Here are several science-based strategies that can drive peak performance
Although by no means an authority in the multiple dimensions of neuroscience, I am committed to increasing my understanding of what the brain is and does…and especially my understanding of what more it can do if given the chance. For that and other reasons, I am deeply grateful to Friederike Fabritius and Hands Hagemann for the abundance of information, insights, and counsel they provide as they examine “powerful science-based strategies for achieving peak performance.” Readers will also cherish their brilliant use of a section that concludes each of the chapters. This material will help to facilitate, indeed expedite frequent review of “Key Points.”
For example, in Chapter 4, “Manage Habits”:
o Our brains prefer the path of least resistance. In order to trailblazer a new neural pathway, the brain must be convinced that all that extra effort is worth it.
o Establishing good habits and getting rid of bad ones involve the same basic skills: goal stetting and motivation, getting started, and staying on track.
o Goals that look good on paper have no guarantee of being achieved. In order to be successful, your goal must be emotionally relevant.
o People who don’t have an emotional stake in the process are unlikely to change. Unless they can anticipate meaningful reward or threat, they might go through the emotions but fail to make the necessary effort that change requires.
o The biggest obstacle to getting started is procrastination. The way to outsmart the brain’s natural aversion to change is to use kaizen, which involves taking very small steps. That enables you to steadily make progress without stetting off your brain’s evolutionary alarm bells.
o If you want to make a change that lasts, good intentions aren’t enough. You need to attach your new routine to a trigger. These trigger/routine combinations are technically referred to as implementation intentions but are better known as “if/thens” or “when/ thens.”
In this context, I agree with Aristotle: “We are what we repeatedly do. Excellence, then, is not an act, but a habit.” Also with Samuel Johnson: “The chains of habit are too light to be felt until they are too heavy to be broken.”

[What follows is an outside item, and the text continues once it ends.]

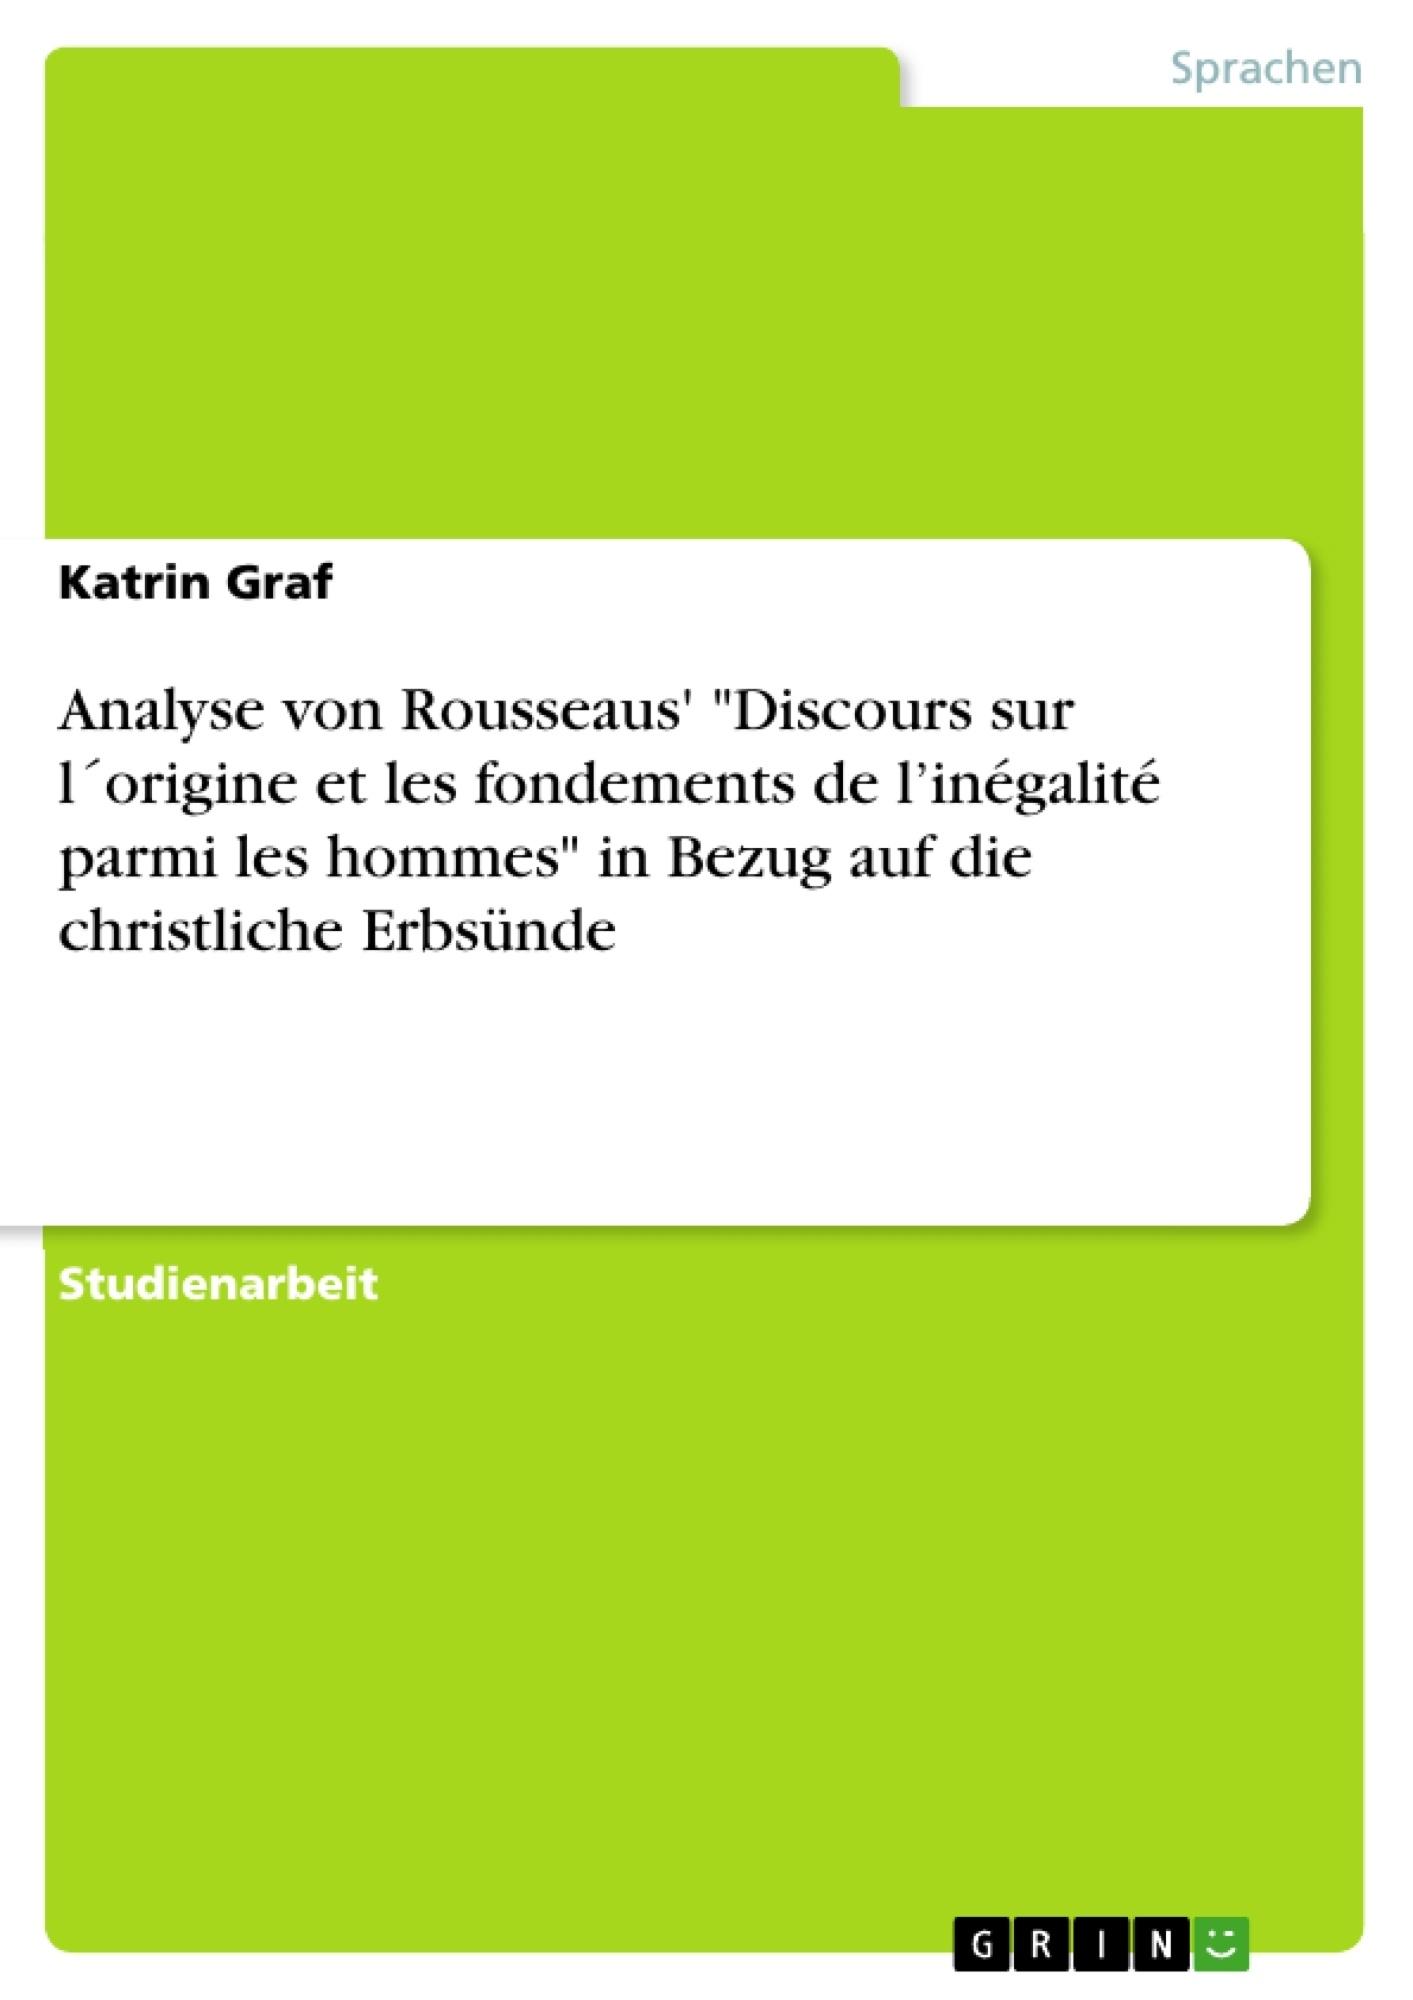 """Titel: Analyse von Rousseaus' """"Discours sur l´origine et les fondements de l'inégalité parmi les hommes"""" in Bezug auf die christliche Erbsünde"""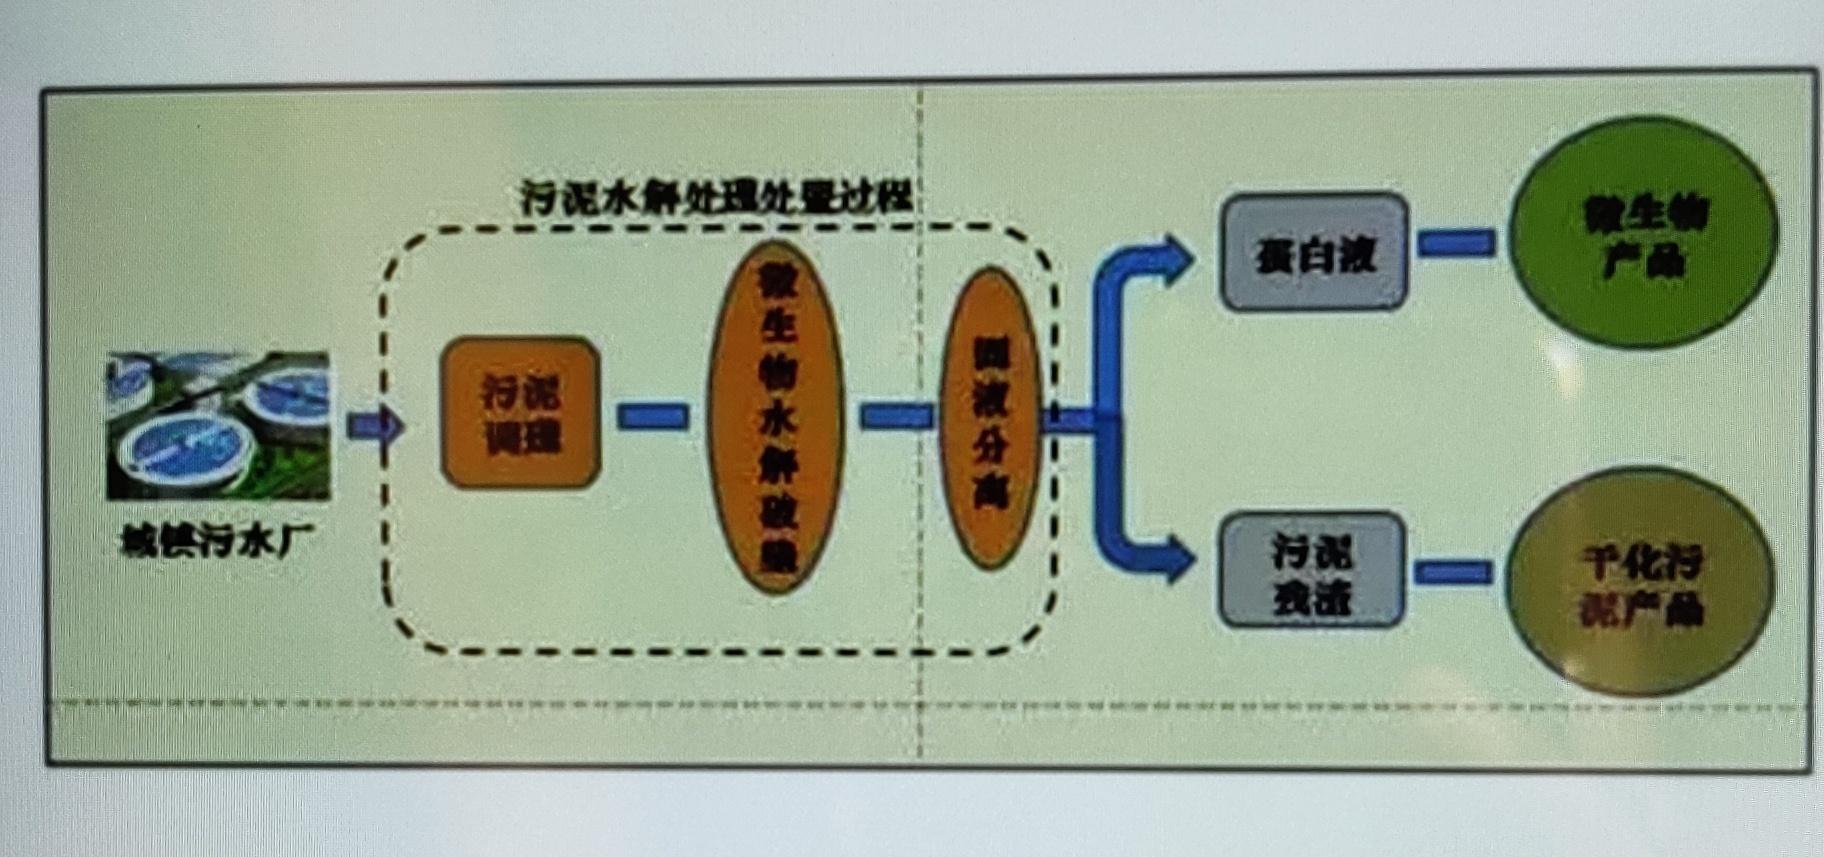 污水处理厂污泥处理五种新技术归纳总结

And then at the conclusion of Chapter 5, “Unleash Your Unconscious”:
o Your unconscious runs the show. Even when you make what seems to be a conscious decision, your unconscious brain does most of the deciding. These are the key points:
o When given limited time and limited information, experts often make better decisions. The tight restrictions force the brain to tap into the power, speed, and calculating capacity of the basal ganglia, where acquired expertise is stored.
o Intuitive decisions made by experts are often superior to rational conclusions arrived at through conscious calculation.
o Unlike their expert colleagues, less experienced leaders typically need more time, require more information, and usually will have to do a lot of the processing, with the help of the slower and less capacious PFC.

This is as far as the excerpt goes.